You also make a great point that focusing on a specific aspect of the victimized group, queerness in this case, makes the situation about the victim rather than the perpetrator. It may also work to drive a wedge between different disenfranchised groups, along gender and racial lines for example, by treating the indignities visited on women and blacks as different phenomena instead of ones springing from the same root. This separation obscures the truth that ALL groups of people, including the dominant ones, would benefit from a society that accepts and celebrates differences instead of tearing people apart along identity lines.

Date: 2012-10-31 03:14 pm (UTC)
From: [identity profile] attackfish.livejournal.com
Don't worry, I have those kinds of thoughts all the time while reading activism. Something bothers me, can't put my finger on it, find an essay a few months later where someone else puts their finger on it, go yes! That's it, right there!

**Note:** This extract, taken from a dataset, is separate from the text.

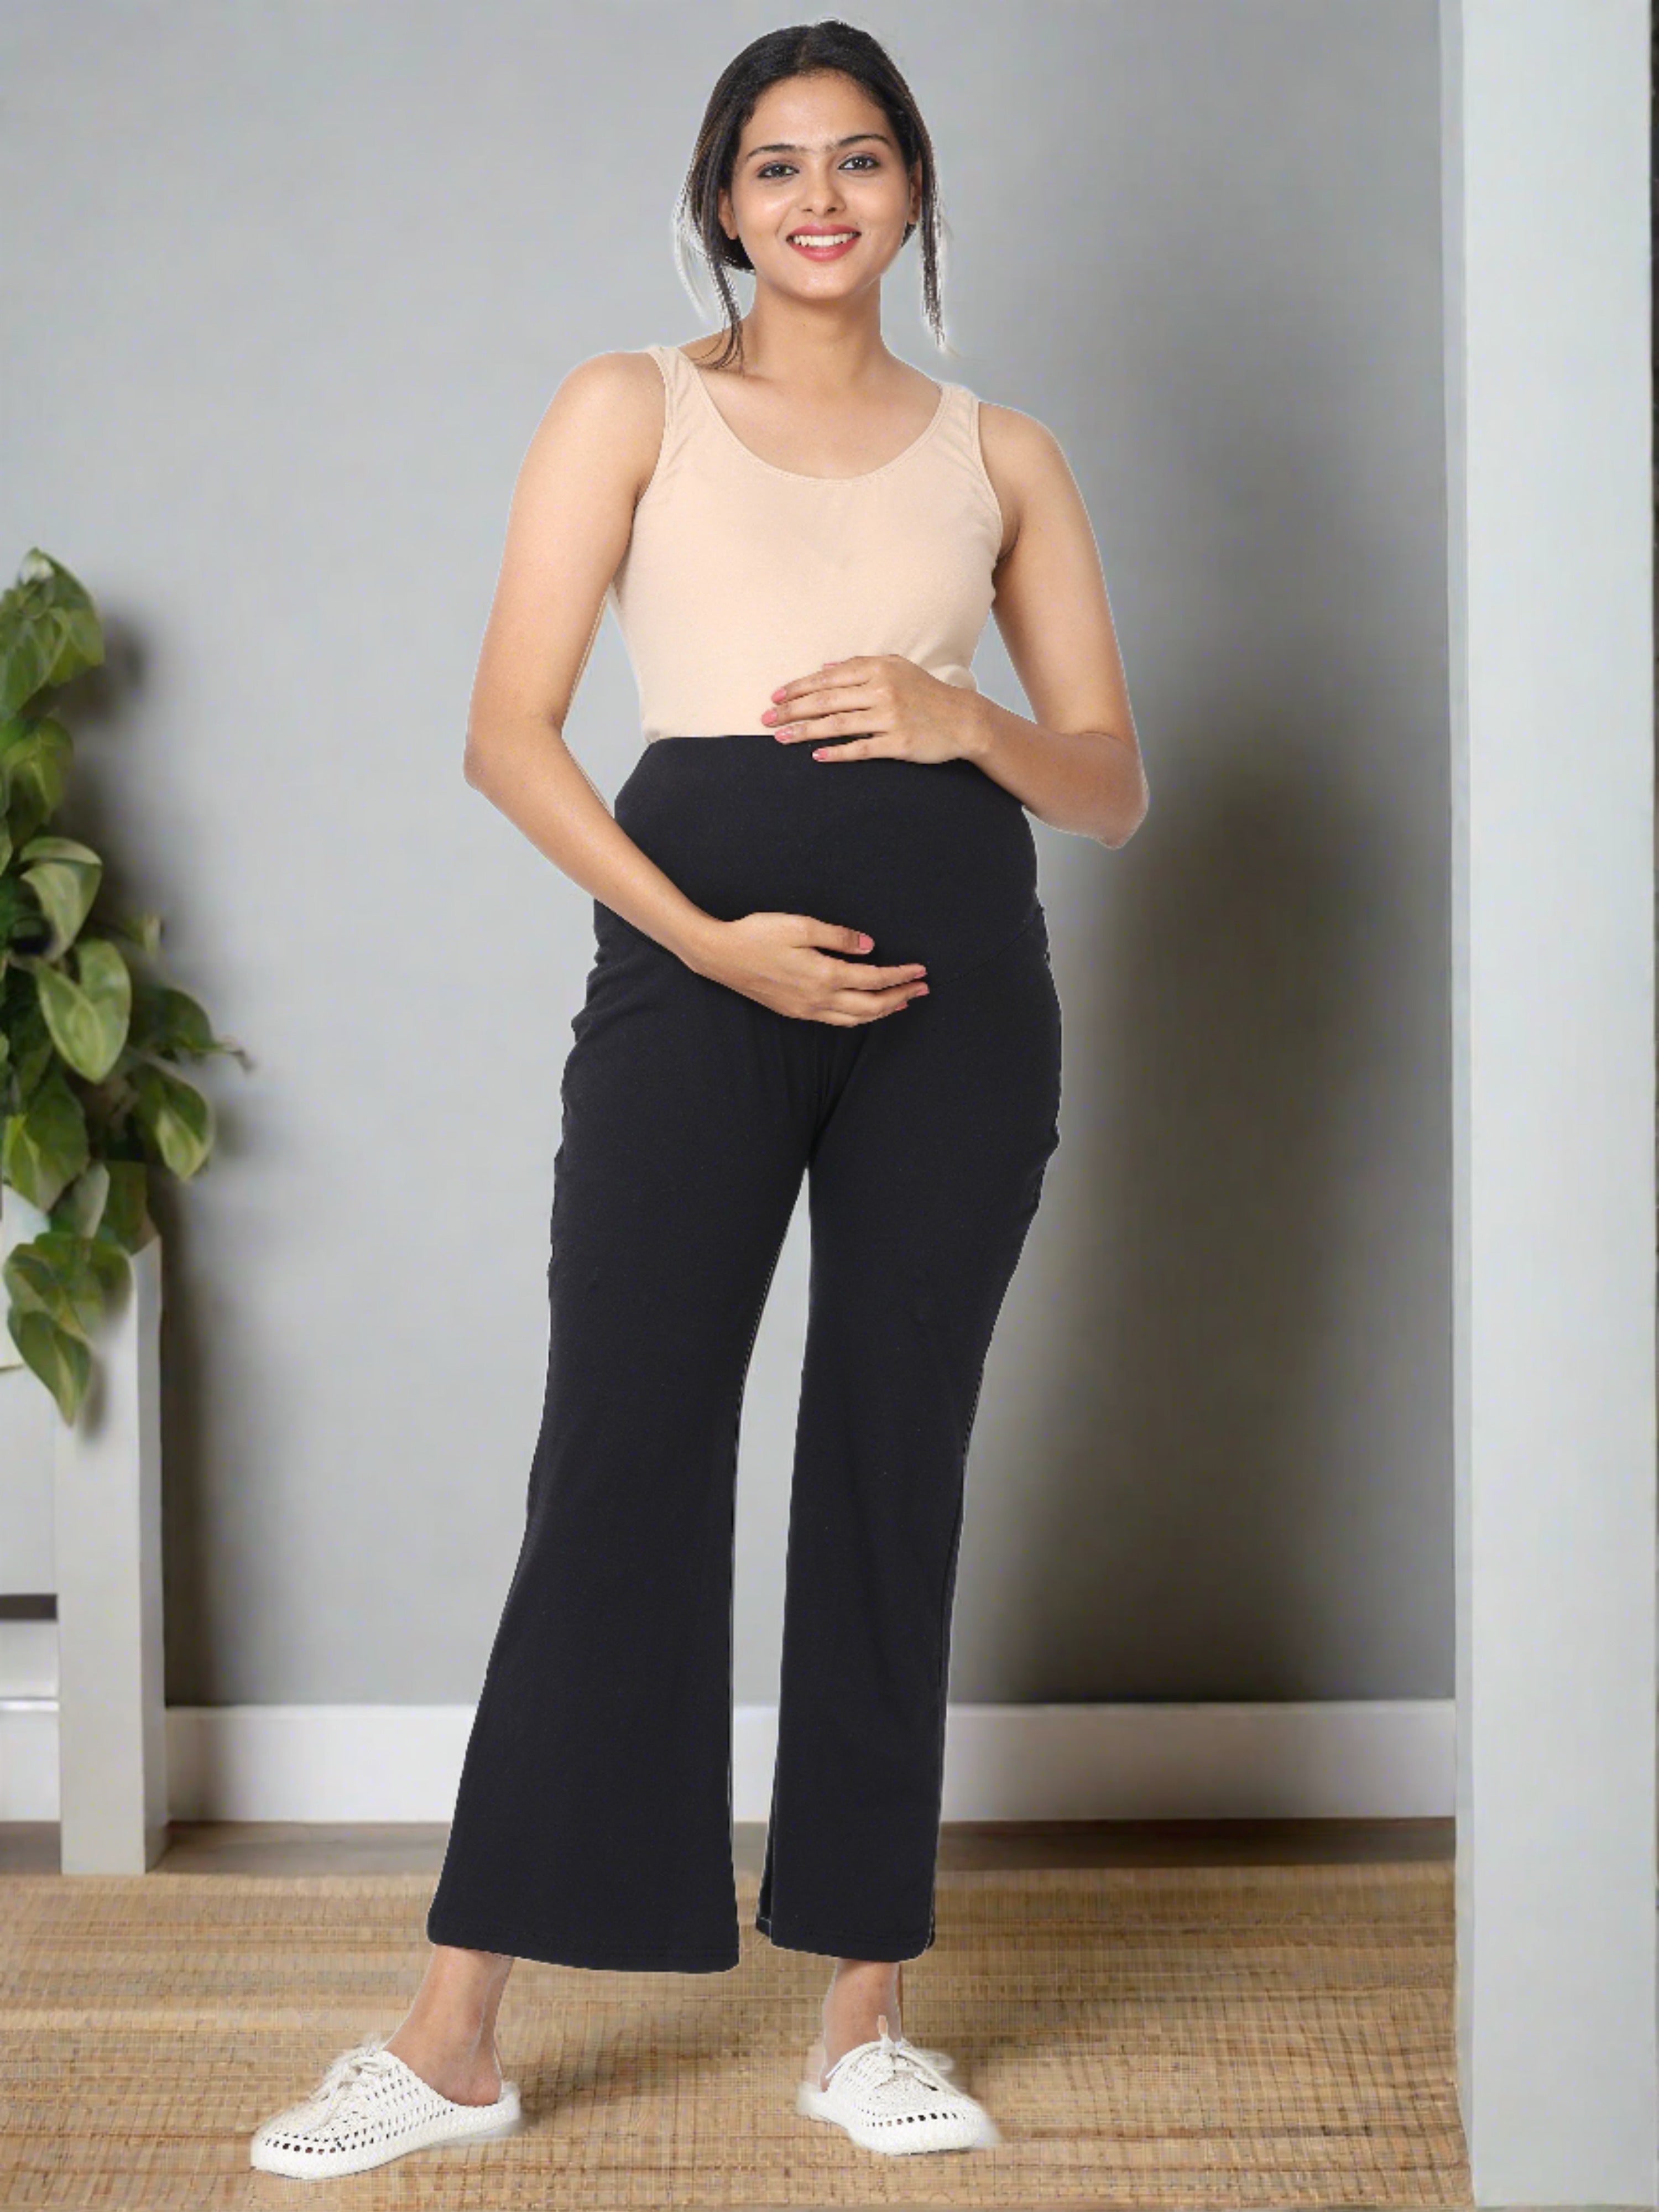 Pregnancy Clothes | Maternity clothes, Comfortable maternity clothes,  Maternity dress online

I don't think that's reductionist at all. I see a lot of times when activists in specific groups don't want to tear down the hierarchy, just adjust their place within it, like say white, cissexual, able-bodied gay men, who want to move up to the position that an otherwise similar strait man would be in, but still wants to treat all the women, people with disabilities, nonwhite, gender nonconforming people etc. like crap. Or white feminists who through black women under the bus. No, you don't believe in equality, you just want a chance to pick on somebody else. They see themselves as entitled, and the world doesn't, so they want the world to see their group as entitled, just like the dominant group. And I just want to shake them and say "no, you're not entitled, nobody's entitled, that's the point."

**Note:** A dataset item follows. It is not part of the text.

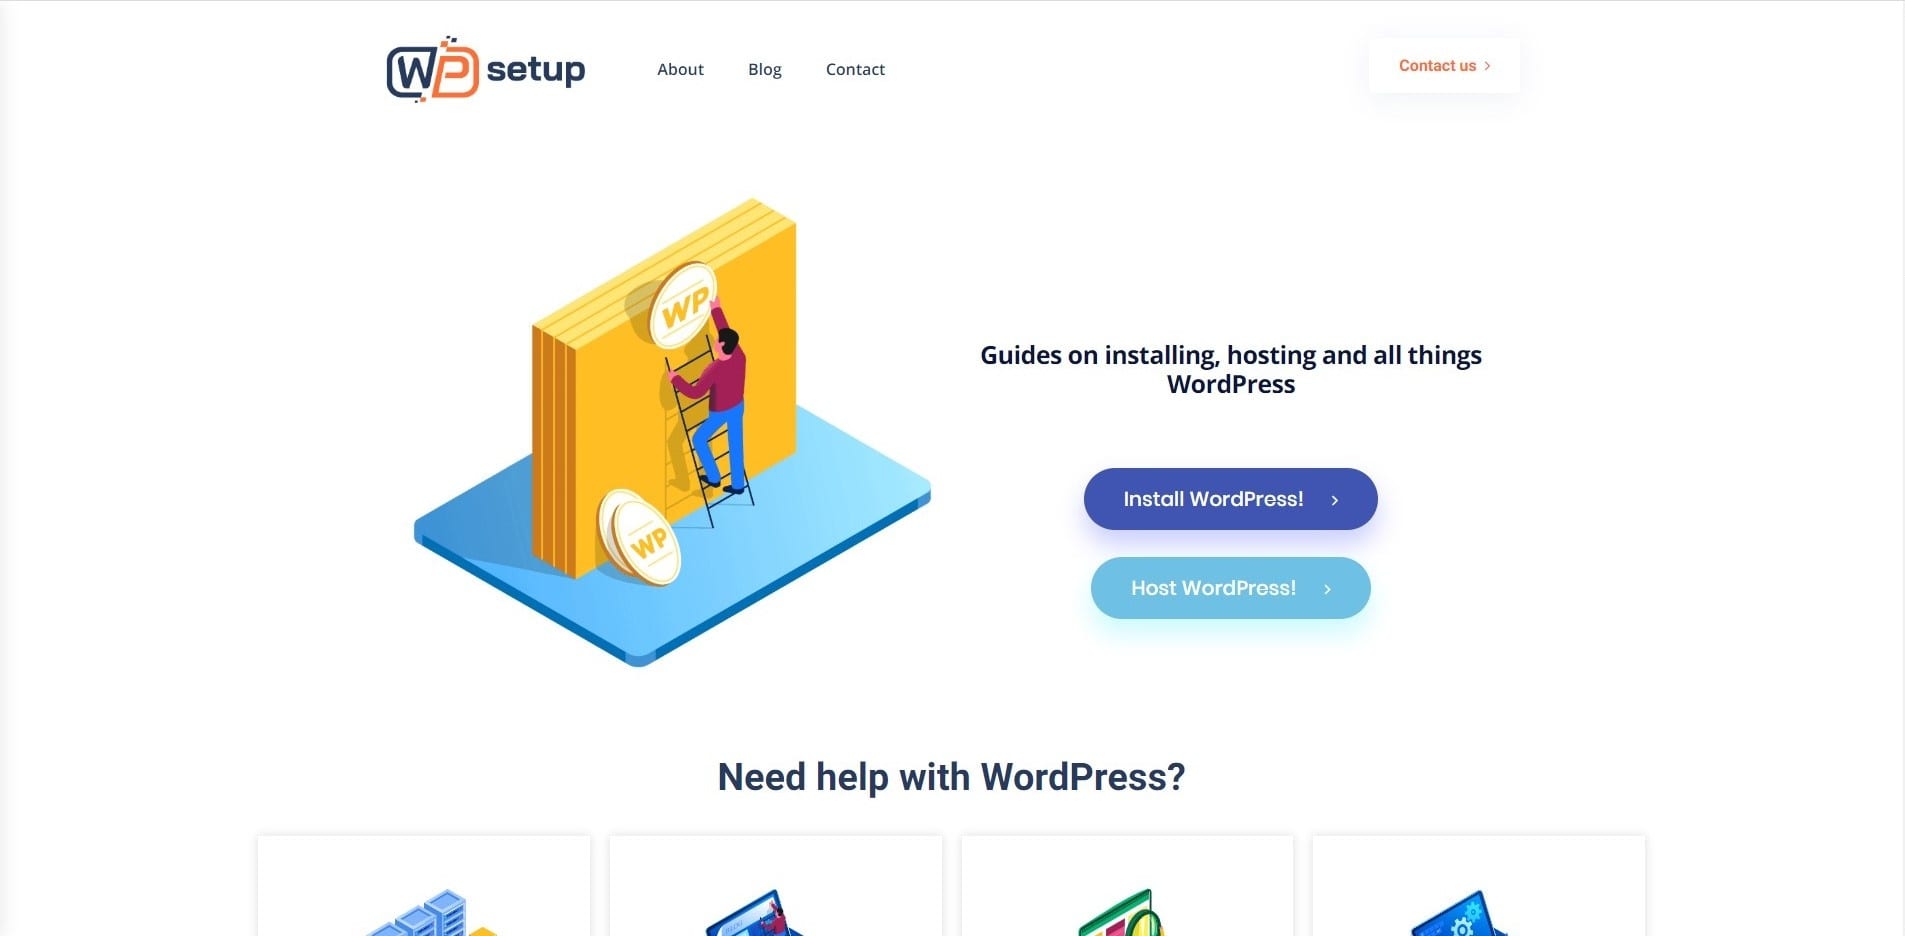 Learn WordPress with WP setup

The one thing I noticed as a kid, was that a lot of the people bullying me didn't really hate me or think I was subhuman because I was Jewish, bi, disabled, whatever. They just knew that a bunch of other people did, including the adults, so if they picked on me, they wouldn't get in trouble like they would if they picked on, say, the straight Christian football star. If different things had made me vulnerable instead, the same things would have happened. So yeah, it's not just about who has power and who doesn't, but how we as societies handle power and how we treat people with less of it.

Date: 2012-11-01 12:49 am (UTC)
From: [identity profile] lalunatique.livejournal.com
I see a lot of times when activists in specific groups don't want to tear down the hierarchy, just adjust their place within it,

Quoted for truth. I think this is where some feminists are, too, perpetuating the hierarchy except with women, or at least a certain subset of educated, urban, cis women on top along with their male counterparts.

Date: 2012-11-01 03:14 am (UTC)
From: [identity profile] attackfish.livejournal.com
From what I've seen, it's endemic to every civil rights movement. It depends on whether someone's reaction to the oppression they face is "this is horrible, people like me shouldn't be treated this way," or "this is horrible, nobody should be treated this way." Sadly, the former is pretty common.

Date: 2012-11-17 06:51 pm (UTC)
From: [identity profile] water-soter.livejournal.com
This was very interesting. And I completely agree with you. We human beings tend to put everything in a convenient little box and be done with it. Such that all illegal immigrants commit crimes. Or that all minorities are on well-fare. Or that pretty people are good people. Or that all schizophrenics are violent and dangerous. I could go on and on. It's a sad state of things that these misconceptions tend to lead us to draw erroneous conclusions about people or generalize on the basis of these beliefs.

Date: 2012-11-17 06:59 pm (UTC)
From: [identity profile] attackfish.livejournal.com
We also make little boxes that say "such and such bad thing only happens to this group, so i don't have to worry about it" like that will really protect them.